И Давид сказал: «Я не отрицаю за эпохами и отдельными лицами права вкладывать свое содержание в старые памятники искусства, обвивать их своими грезами, своими радостями и скорбями. К тому же те идеи, которые вы передо мной развиваете, могли, конечно, жить и в душе греческого художника, перед произведением гения которого мы стоим. Тем не менее мне кажутся очень рискованными ваши толкования. Душа этих мраморов представляется мне более простой и непосредственной и в то же время более живой и по–своему более глубокой. Более близкой также к мировоззрению энергическому и боевому.
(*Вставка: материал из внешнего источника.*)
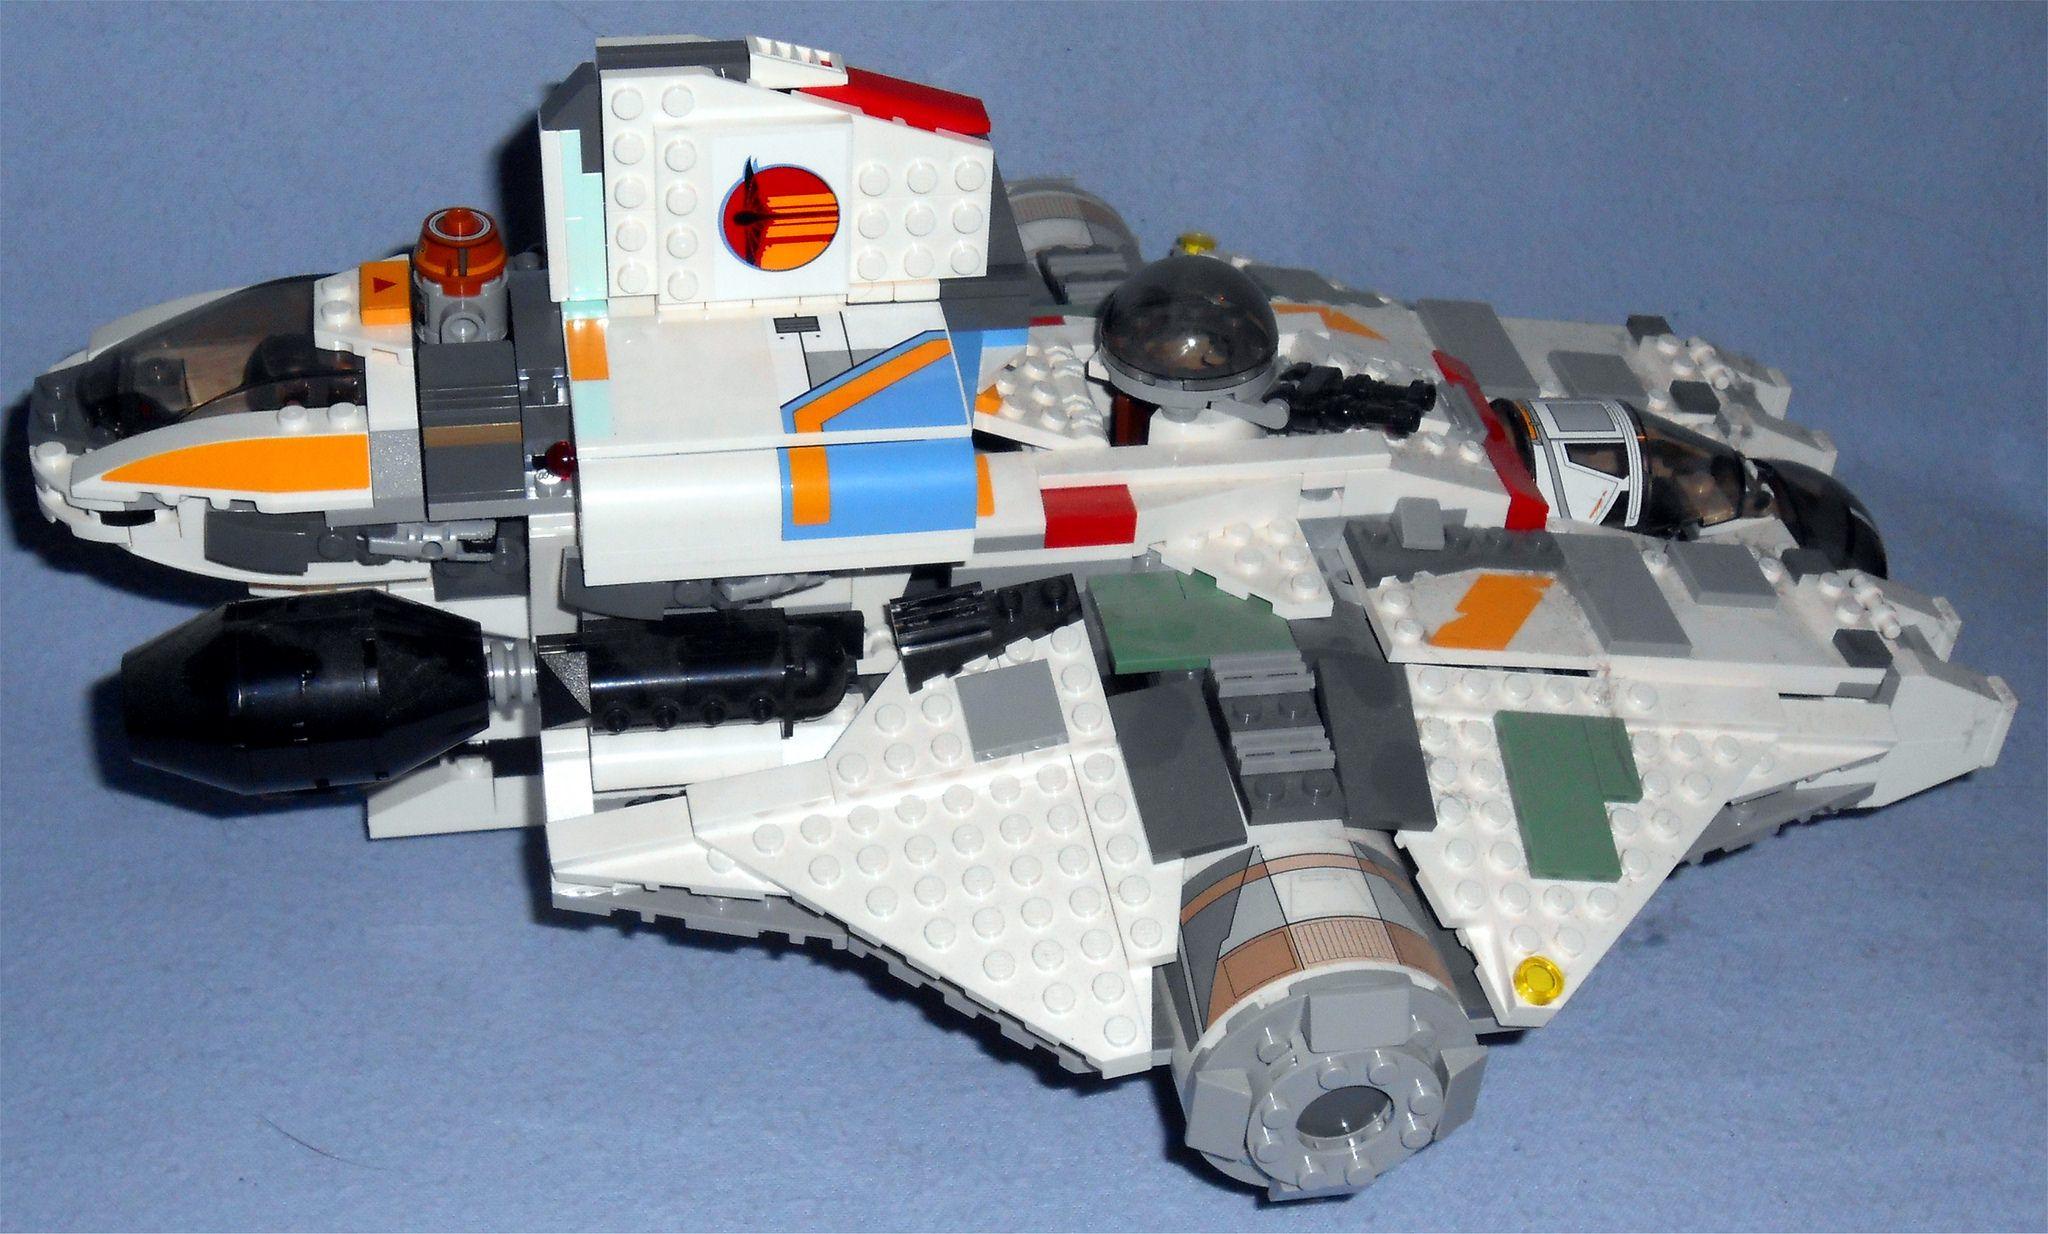 Lego Ghost New Phantom Star Wars Toys Lego Star Wars Sets Star Wars Set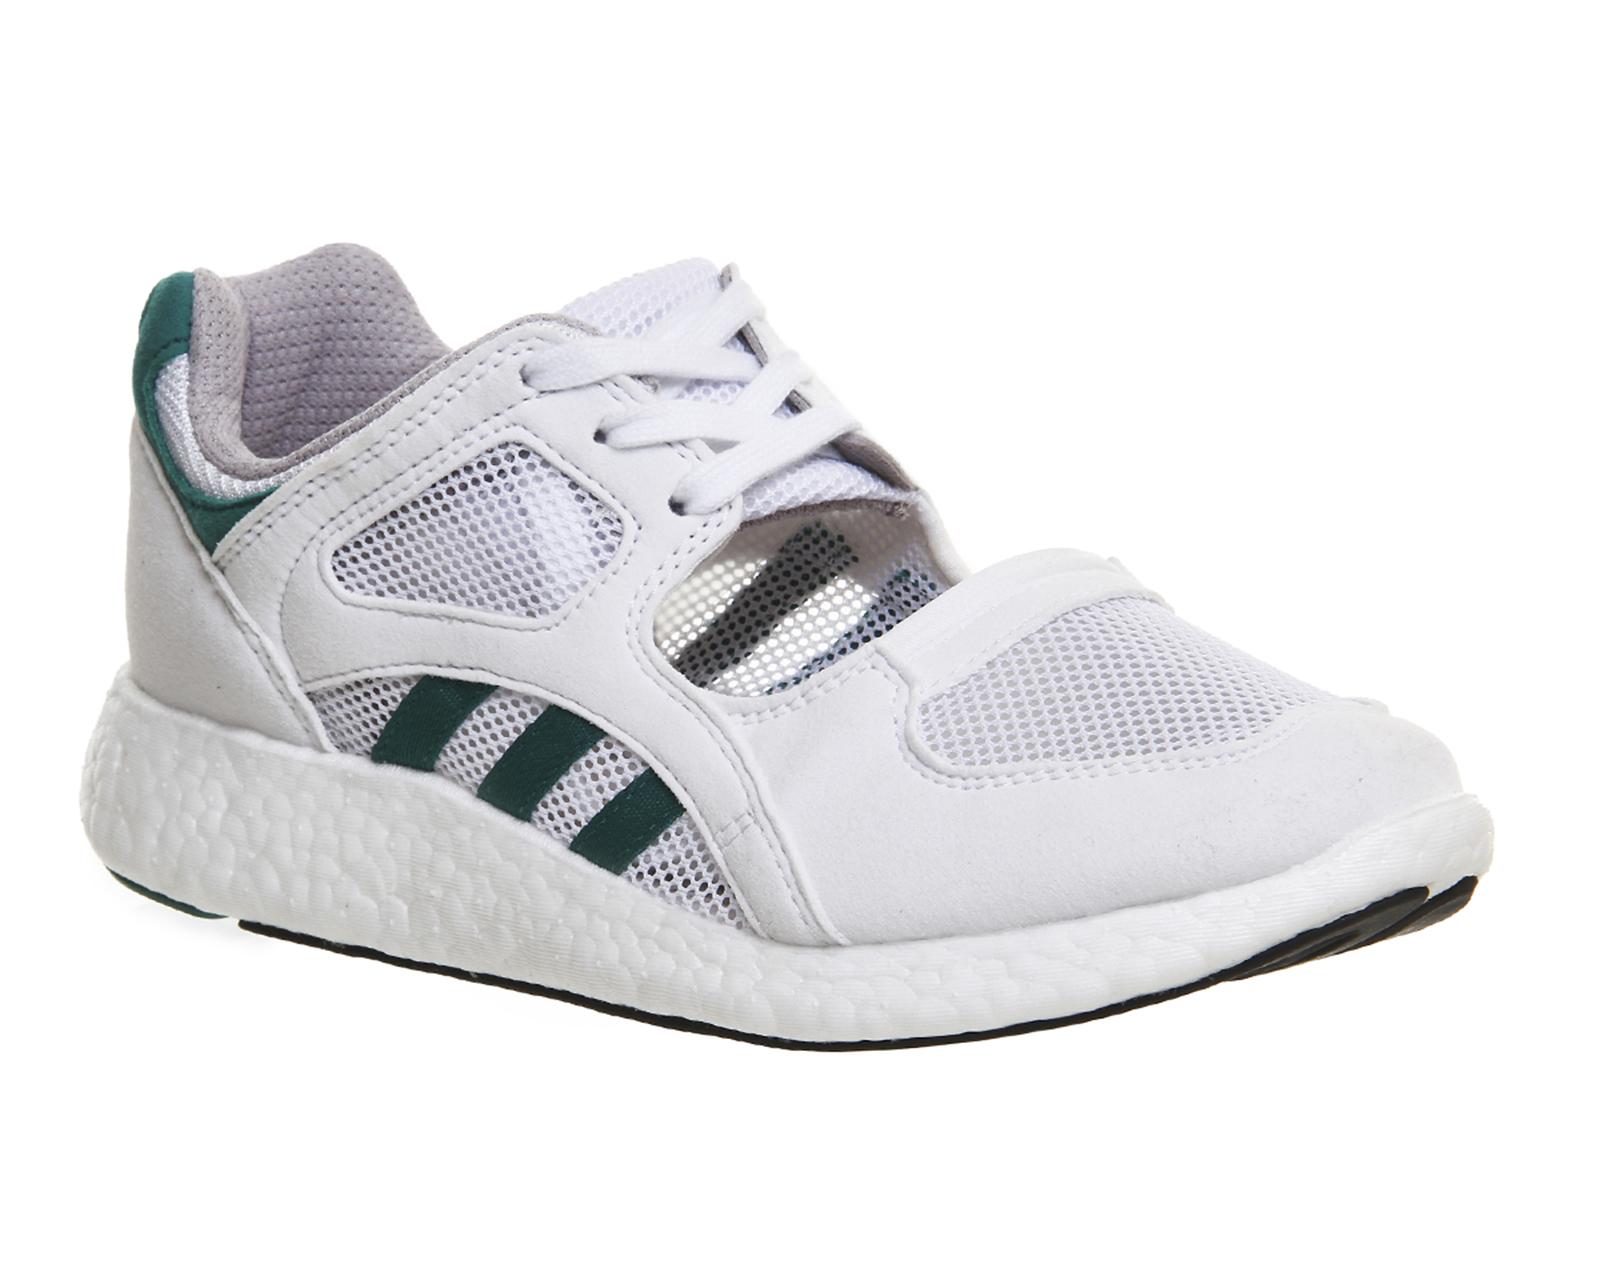 Adidas Equipment Racing Womens Trainers White Sub Green Core Black

Но тут, может быть, я уже и сам субъективно вкладываю то, что дорого мне, в старые формы, когда они кажутся мне для этого подходящими».
«Я с удовольствием выслушаю ваши мысли по поводу этих архаических скульптур», — сказал Валентин.
11. «Magnificat»[88]
В одном из моих писем мне приходилось уже касаться того великого экономического явления, которое послужило причиной великому культурному явлению — Ренессансу. Расцвет ремесла в северной Италии, переход к капитализму в форме домашней индустрии, накопление капиталов, торговля с Востоком и с Севером, развитие ростовщического капитала — вот основы быстрого прогресса, могущества и благосостояния свободных итальянских коммун, типичнейшей и едва ли не могущественнейшей из которых являлась Флоренция.
Естественно, что одновременно с ростом богатства коммун самый строй их испытал глубокие изменения. Ремесло стало организовываться вокруг негоциантов–скупщиков, и золотой дождь, падавший на города, скрплялся, в отличие от дождя водного, на вершинах, задерживался в кованых сундуках нескольких десятков удачливых семейств. Недавно завоеванная в борьбе с феодальной знатью демократия вновь затрещала по всем швам под напором жажды к власти новой денежной аристократии. Борьба крупных и мелких граждан привела к возвышению тиранов, умевших льстить обиженной массе и дать достаточные гарантии трепещущим за свое могущество богачам.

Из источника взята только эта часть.